If I ever did own a $50k car, and I totaled it, I would deposit my insurance check, less the deductible... seriously though, I would write off the asset. It's not a mystery, and I don't have some secret formula. For my income, and my business income, I generally operate under accrual-based accounting- not cash.

So, if you are in that boat it does not bother me at all.
Obviously it does.
 
Texas Proud said:
Marshac.. this is the quote I was referring.  Since the gain is not in the saving rate even when you sell it does not matter either way for this discussion.
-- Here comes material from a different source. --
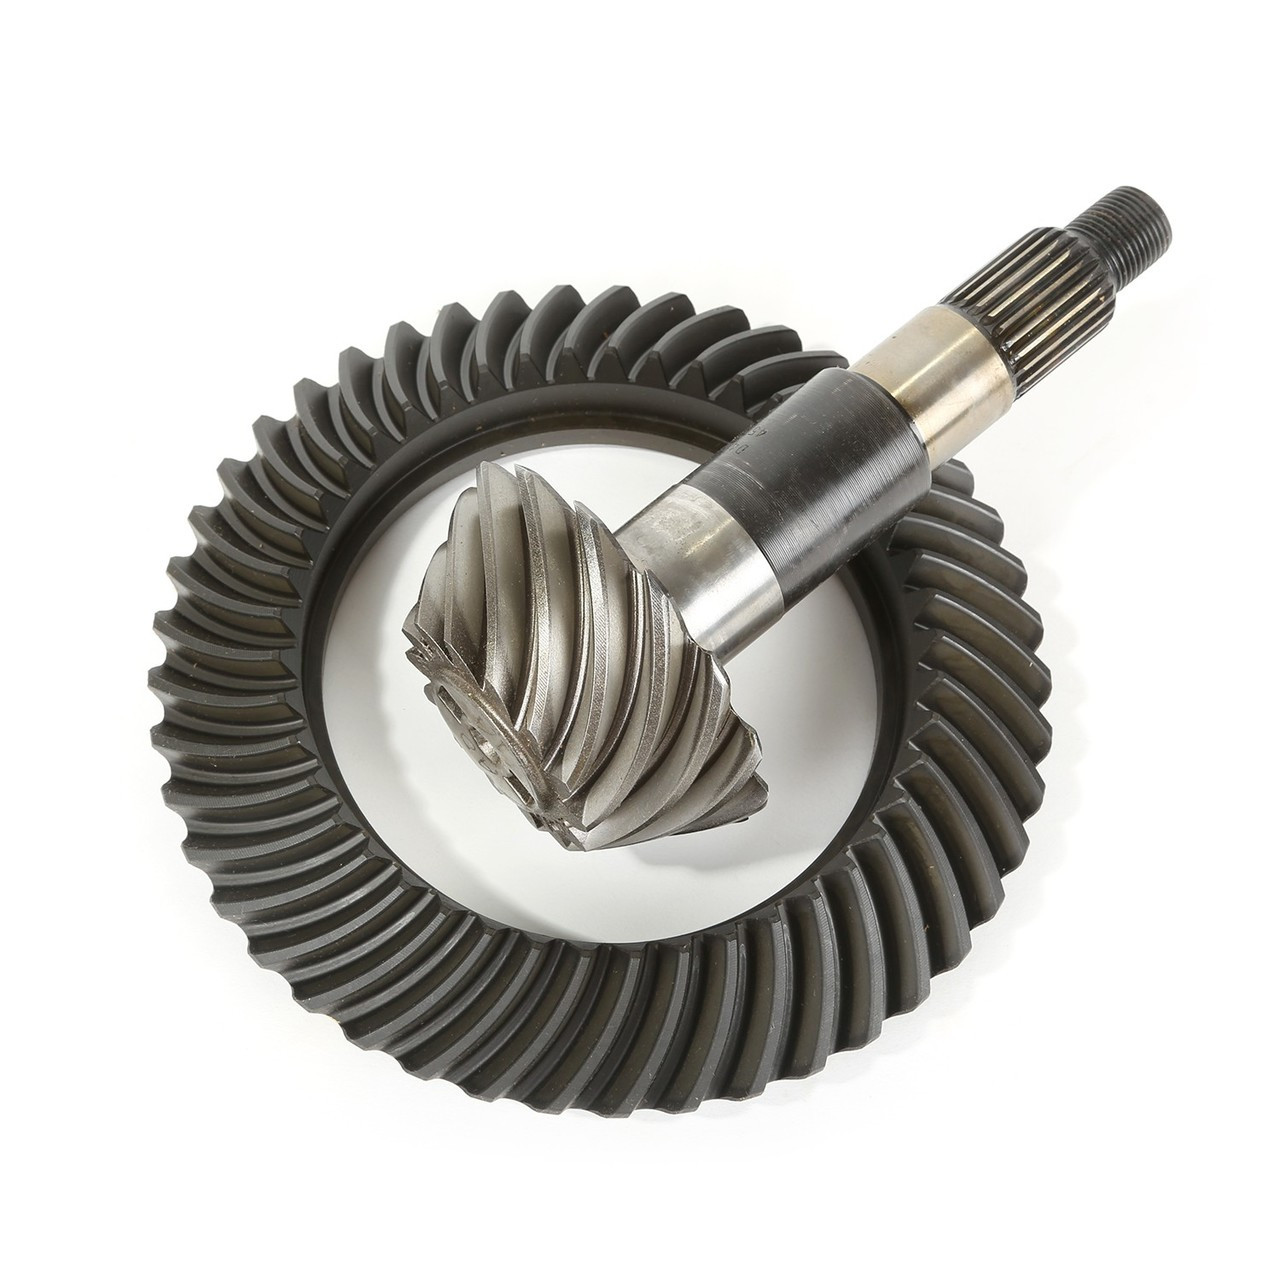 Buy Ring and Pinion,  Ratio, Rear; 07-18 Jeep Wrangler JK, for Dana 44  | Omix-ADA  Omix-ADA at JeepHut Off-Road
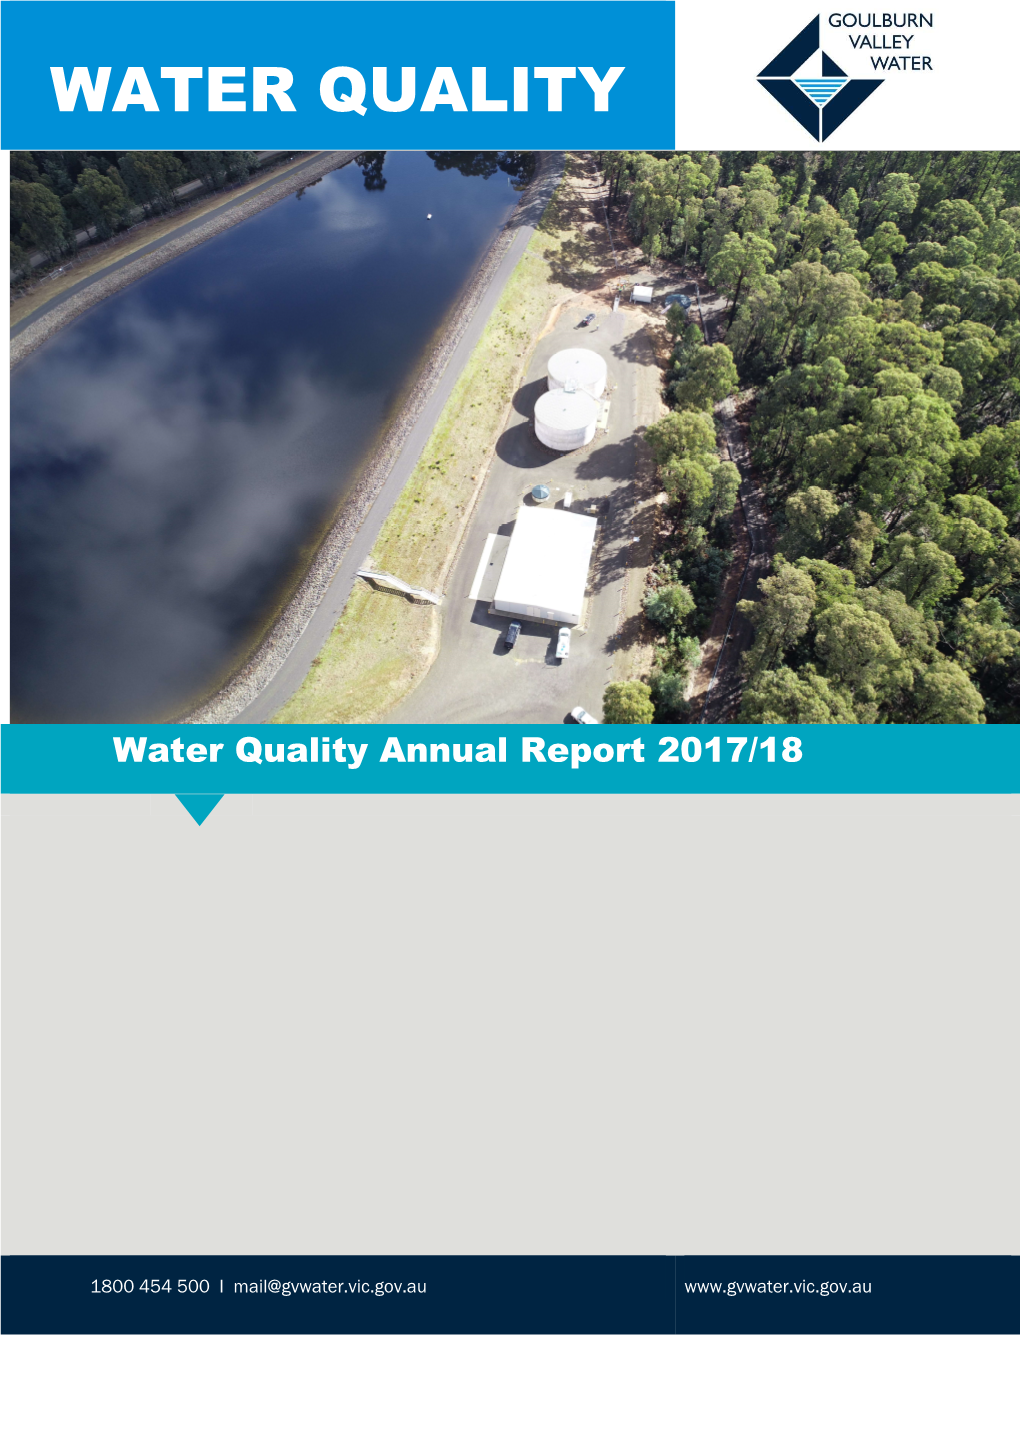 Water Quality Annual Report 2017/18

I was simply asking why one would think that unrealized capital gains would be considered as savings. Assets go up, and assets can go down.... savings is cash. Tapping home equity "savings" with a HELOC is simply taking on more debt- it's not saving anything. Ask someone in Japan who bought a house in the late 80s how much money they saved via their house...
 
PSAVERT_Max.png


While I am not sure, but if my memory serves me right, and sometimes it doesn't, IRA started sometime around 1980. The graph above would indicate the savings rate has gone down ever since. If as has been said, the savings rate measures what is in the banks, this is a totaly worthless stat for what it is being used for. Which is to flame the fans of early retirement.
 
If people aren't putting money into the bank, and have a negative savings rate, then were is the spending money coming from? People cashing out 401ks? Draining existing savings accounts? Mortgage equity withdrawals? Credit card debt? Any way you slice it, it's not a picture of health IMO.

Incidentally, I have a coworker who was telling me the other day that they take 401k loans all the time... it's just another piggy bank to them. :-[
 
Marshac,
You might have missed my point. The savings rate, since about 1980, has been trotted out by whichever party not in power to show the woes that is going to befall us. If there has been a fundamental difference in the way Americans save and this is not captured, then once more the Statistics are not lying but the Statisticians are! Anecdotal evidence about one at work means little. Folks I work with say there is a geaser down the hall that saves every penny he gets his hands on! That certainly does not mean all the other old geasers around here are savings. Most will still be here next month after I leave.
 
There's a "Brokeback Mountain" comment out there somewhere :D
 
Craptastic- I hit the wrong button, and lost my whole reply :-\

In a nutshell- I don't think we're being lied to, and here are some #s

Consumer debt outstanding
http://www.federalreserve.gov/releases/g19/hist/cc_hist_sa.txt

Household debt service
http://www.federalreserve.gov/releases/housedebt/default.htm

As you can see, consumers have been taking on more debt, and spending more to service that debt. In 2005, the debt service ratio hit an all time high in that dataset which goes back to 1980- and we're in a period of record low rates! I don't believe that there is any hidden savings taking place here... Americans simply like to spend, and the data backs up this assertion.
 
Marshac,
Two very good charts. But again, what is the data that makes them up? The first, is it inflation adjusted? Does it take into account the increase in population? Just two quick things I saw. The second is similar to the 'Savings Rate' what makes up disposable income? Is it after 401K deduction? During the time of defined pensions was disposable income higher? Are IRA in Disposable income?

We have become a nation of Polls and Statistics. They are easy to quote and even easier to manipulate. Based on what we have been told it certainly appears that we are over spending, non savings, (fill in the blanks) society. It is tough to find an organization that does not have a ax to grind or product to sell, and it is even harder to get to the base of their arguments. Just for the record, I do think the consumer is over extended, however, since I don't trust the data that feeling is based on....... Wow, I could flip flop all day!